東レは10月3日、ガラス繊維強化PPS樹脂(PPS-GFRP)をリサイクルしてもバージン材の初期性能を維持することが可能な新技術を開発したことを発表した。これにより、PPS樹脂のリサイクル率の向上を通じて、CO2排出量の削減に貢献する。
PPS樹脂は、耐熱性、耐薬品性に優れるエンジニアリングプラスチックであり、PPS樹脂の90%以上が、ガラス繊維強化されたPPS-GFRPとして、幅広い産業用途全般に用いられている。また、絶縁特性にも優れることから、今後も、半導体等の電子部品分野やEV車部品分野での拡大が見込まれ、使用後の再利用のニーズも高くなっている。
PPS樹脂自体は、長期間の使用後も劣化しにくい特長を有するが、リサイクル工程において、配合しているガラス繊維が短く折損して、機械強度が大幅に低下する課題がある。そのため、リサイクル品は、要求品質の低い用途に用いられており、リサイクル率向上の障害となっている。
今回同社は、独自のコンパウンド技術を活用して、PPS樹脂に特殊強化繊維を配合したマテリアルリサイクル用ペレットを開発した。これを、リサイクル品とブレンドし使用することで、樹脂成形品においてリサイクル材を使用した場合でも、バージン材と同等物性を維持することが可能となり、元の用途で使用する水平リサイクルなど、幅広い用途での再使用が期待される。
本技術により、リサイクル材を50%以上使用した場合でも、バージン材100%品と同等の機械強度を発現できることが実証済みであり、リサイクル材使用率50%の場合、CO2排出量を40%以上削減することが可能となる。
現在、マテリアルリサイクル用ペレットに含まれる樹脂および添加物の設計など、バリエーションを拡充させる技術開発を行っている。今後は、マテリアルズ・インフォマティクス(MI)を用いた予測技術も活用して、顧客の要望特性を満たす最適なペレットのブレンド比率や処方を設計した上で、リサイクルPPS-GFRPの供給を目指す。

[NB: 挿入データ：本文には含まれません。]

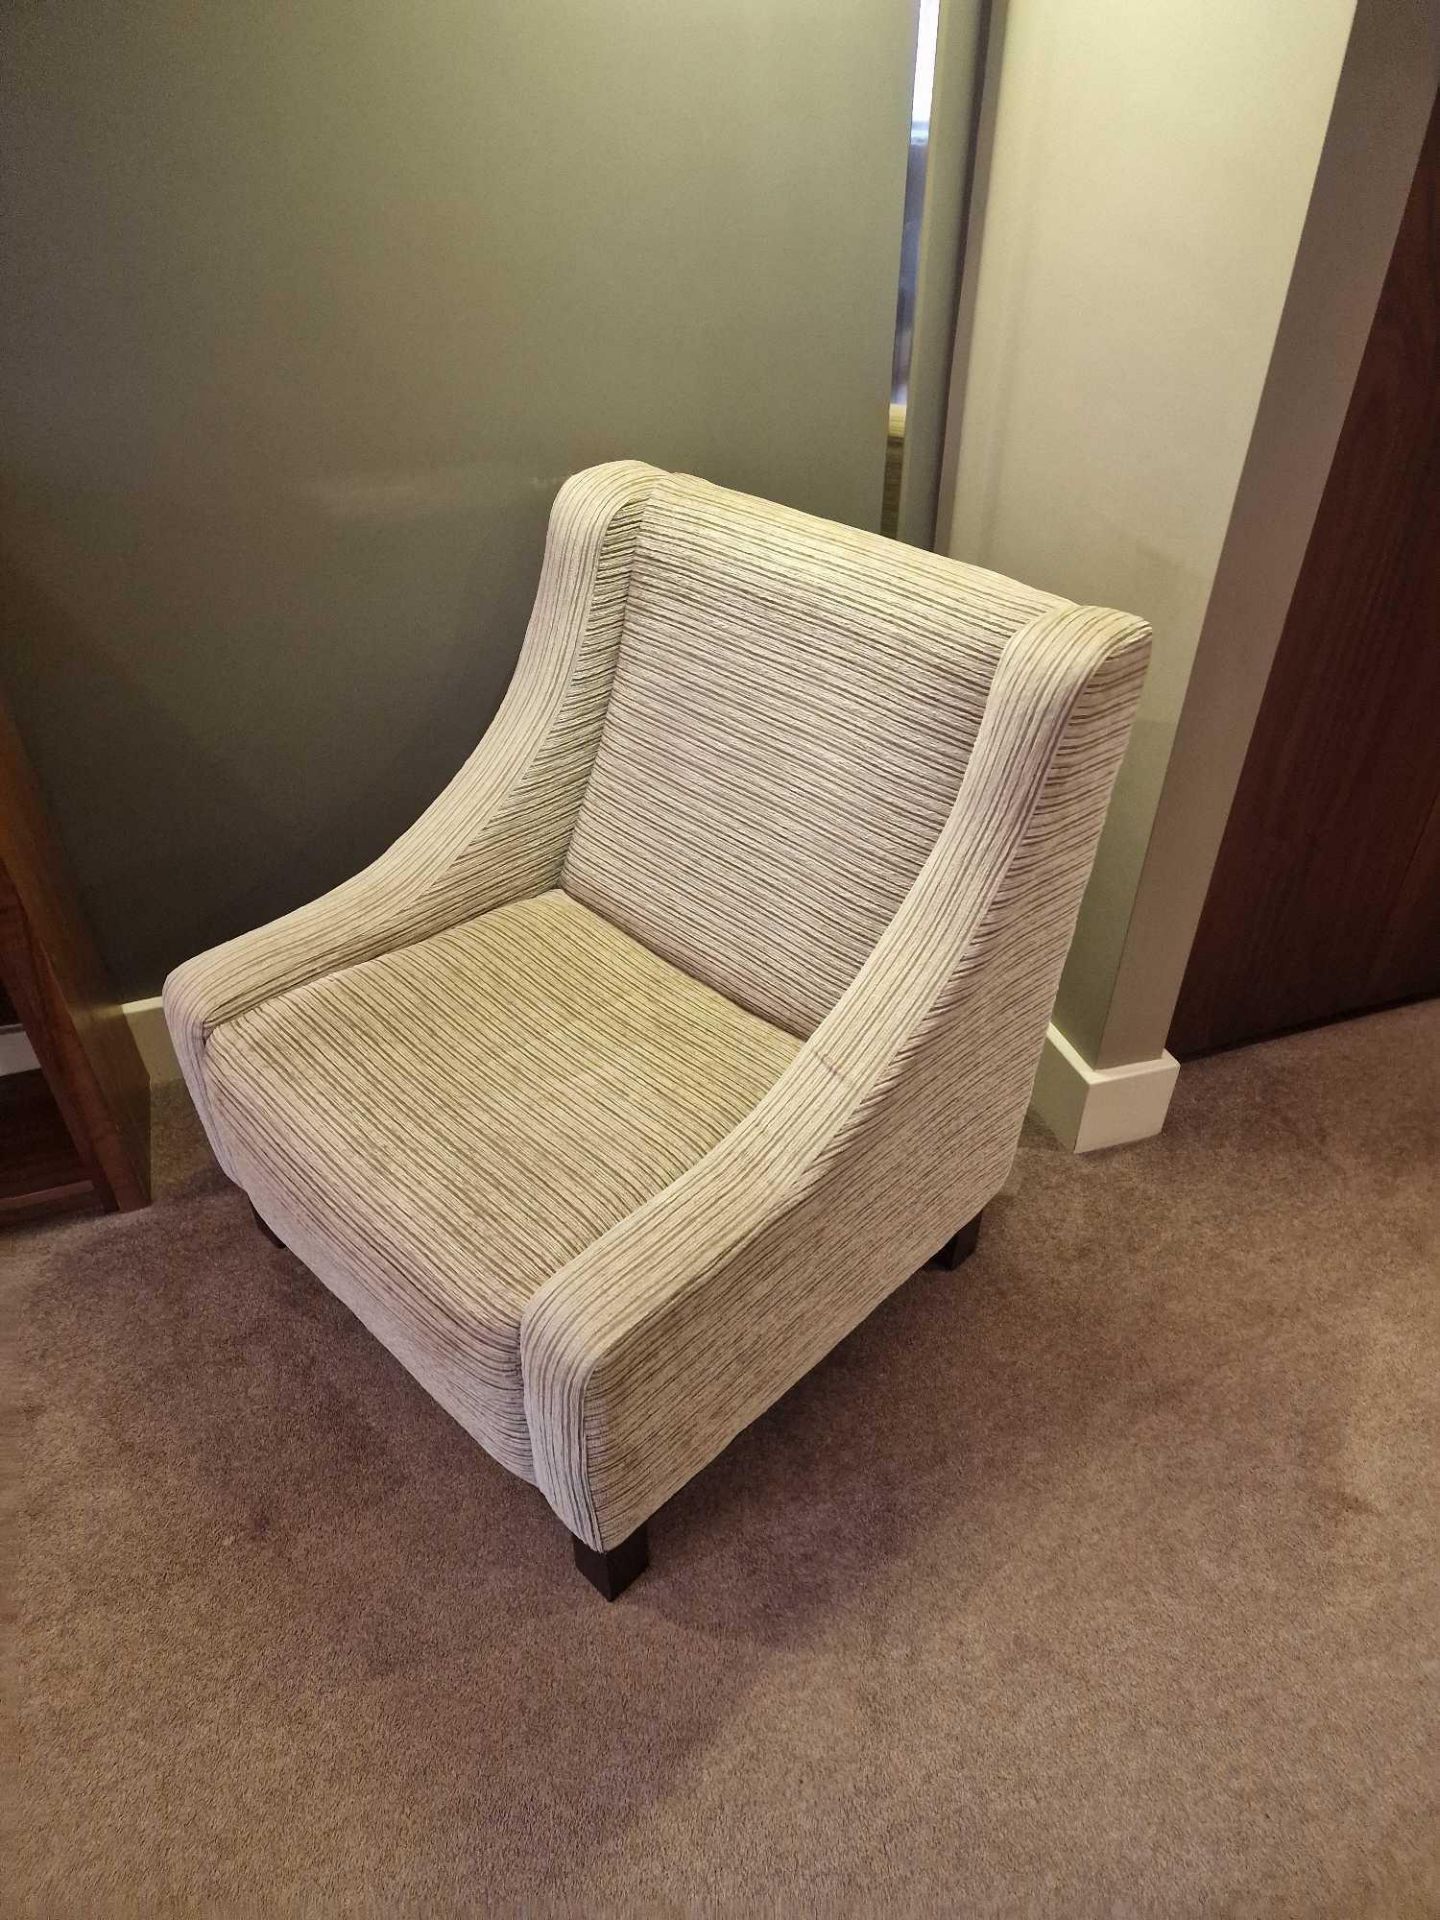 An upholstered relaxer chair 78 x 54 x 86cm ( Location : 207)

同社はすでに、成形メーカーなど、数社のパートナー企業と連携し、同技術を用いて、顧客の工場で発生した工程端材を基にマテリアルリサイクル用ペレットを配合したリサイクルPPS-GFRPを供給するなど、クローズドリサイクルの取り組みを開始している。また、顧客と連携した水平リサイクルの実証実験や事業化の準備を進めている。
今後、より多くのパートナー企業とリサイクルスキームの構築を進め、さらに市場回収材を対象としたオープンリサイクルへの適用に繋げることで、持続可能な社会実現への貢献を推進する。まず国内の顧客を中心にサンプルワークを展開し、リサイクル素材・製品の全社統合ブランドである「Ecouse TORELINATM」として、販売する計画。
同社は、「東レグループサステナビリティ・ビジョン」において、「資源が持続可能な形で管理される世界」を、2050年に目指す世界のひとつとしている。今後も、顧客の環境配慮型樹脂のニーズに応えていくことで、企業理念である「わたしたちは新しい価値の創造を通じて社会に貢献します」の具現化に取り組んでいく。